Getrieben von „Finanzfachleuten“, die über das Denken der „schwäbischen Hausfrau“ einfach nicht hinauskommen und nicht einmal verstehen, dass unterlassene Infrastrukturinvestitionen den Landeshaushalt in Zukunft viel teurer zu stehen kommen, als wenn man sie mit dem verfügbaren Geld zeitnah gebaut hätte.
Und Leipzig hätte ja seit Jahren schon gern mehr gebaut, musste aber Jahr um Jahr feststellen, dass viele Projekte auch deshalb nicht angepackt wurden, weil die Planer fehlten. Planer, die man einfach nicht eingestellt hatte, weil eine übergeordnete Behörde der Stadt einen gefährdeten Haushalt attestierte.

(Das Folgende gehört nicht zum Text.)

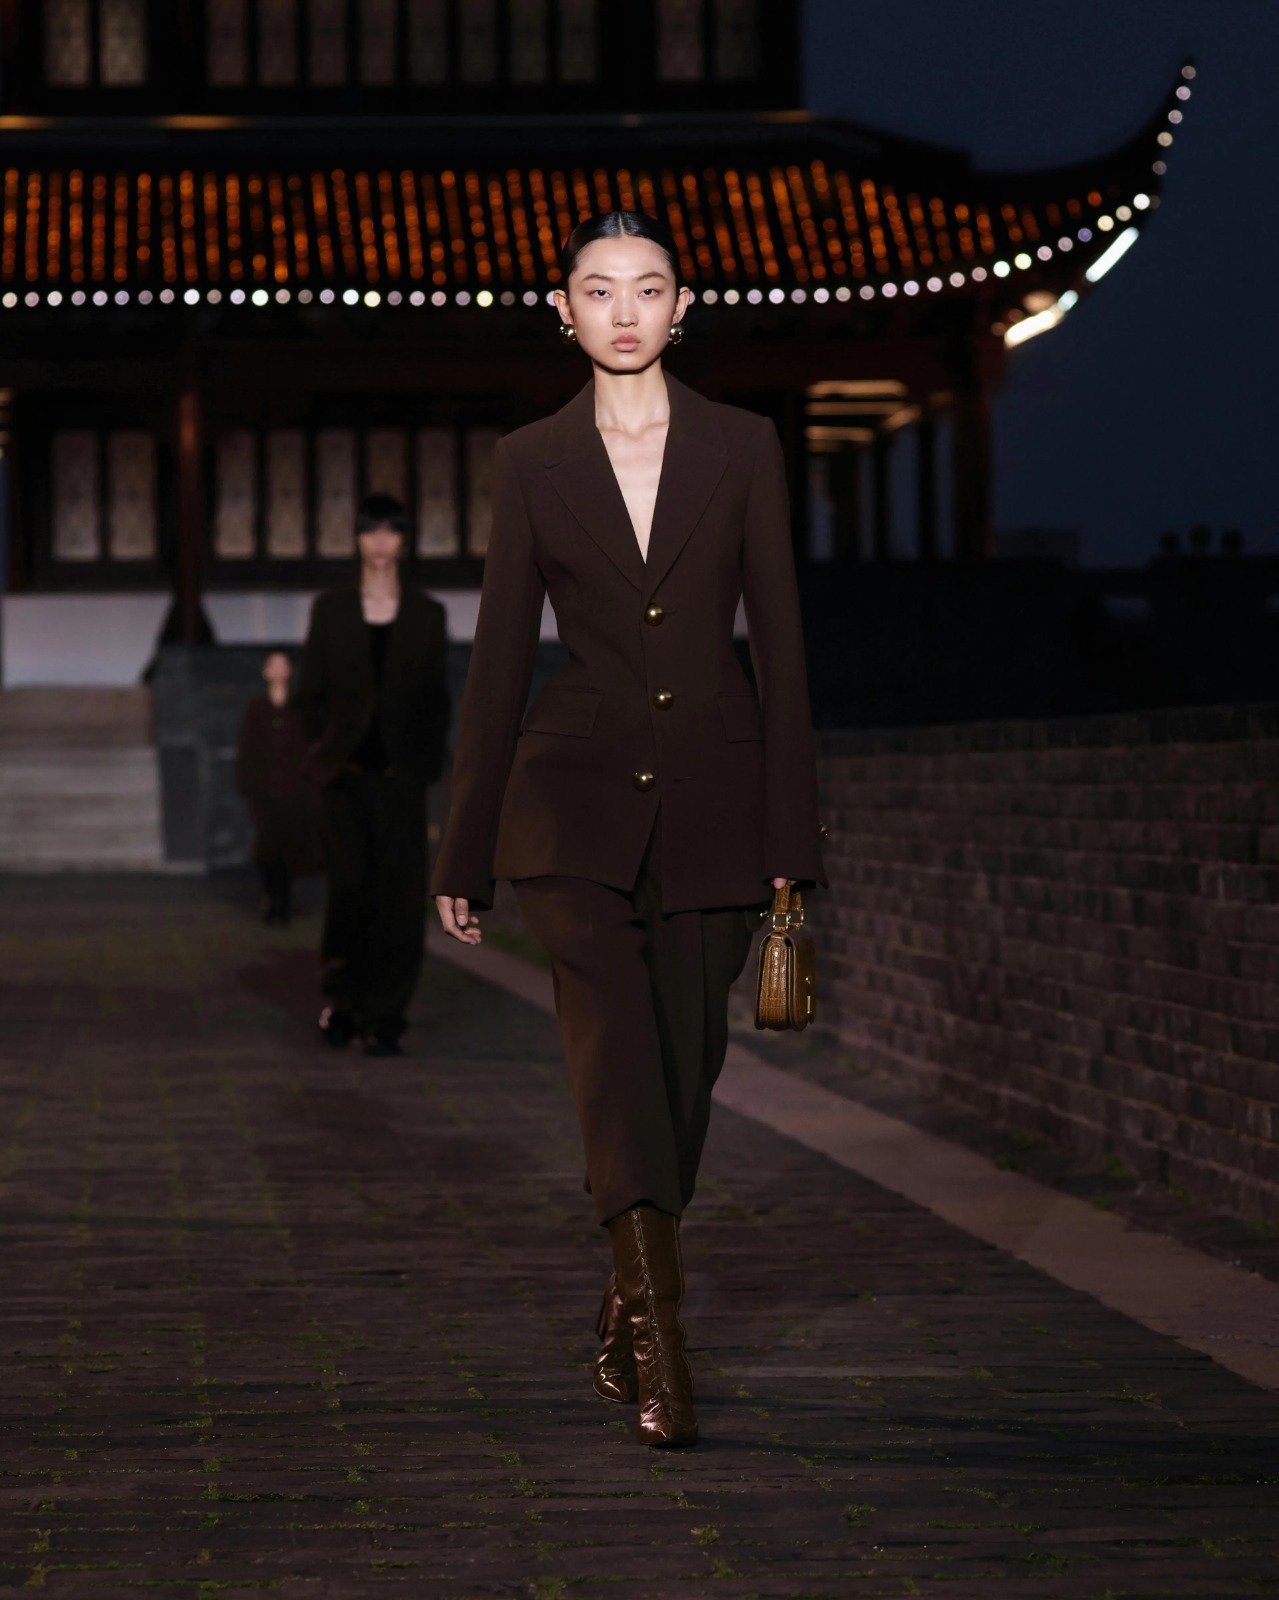 A AMI Paris veste a noite de Suzhou com elegância parisiense

Ergebnis ist genau der Berg aus Haushaltsausgabenresten, über den Finanzbürgermeister Torsten Bonew jedes Jahr stöhnt. Und natürlich Pläne, die schlicht nicht erfüllt werden – sei es das Straßenbaumprogramm, sei es das Radverkehrsentwicklungskonzept, seien es die immer schneller veraltenden Prioritätenlisten für den Straßen- und Brückenbau. Und vom Trauerspiel der ÖPNV-Planung muss man da gar nicht erst reden.
Wenn die Fraktionssprecher fürs Finanzielle klug sind, lassen sie sich im Fachausschuss ämtergenau die tatsächlichen Bedarfe noch einmal geben, eine Übersicht der tatsächlichen Stellenausschreibungen und der Gründe, warum wichtige Planstellen nicht besetzt werden konnten. Dann kann man auch nachsteuern. Alles andere wäre ein Schießen ins Blaue.
Denn die Übersicht zeigt eben auch, dass der Personalbedarf der Leipziger Verwaltung in den zwei Jahren um 361 Stellen angewachsen ist, 403 Stellen aber auch besetzt werden konnten.
Die Lücke beim Personalbedarf ist also kleiner geworden. Das Bemühen um geeigneten Nachwuchs ist unübersehbar. Und eben auch der Erfolg einer Verwaltung, die in den letzten Jahren auch zunehmend verstanden hat, dass man nicht wirklich spart, wenn man an der falschen Stelle das Personal ausdünnt.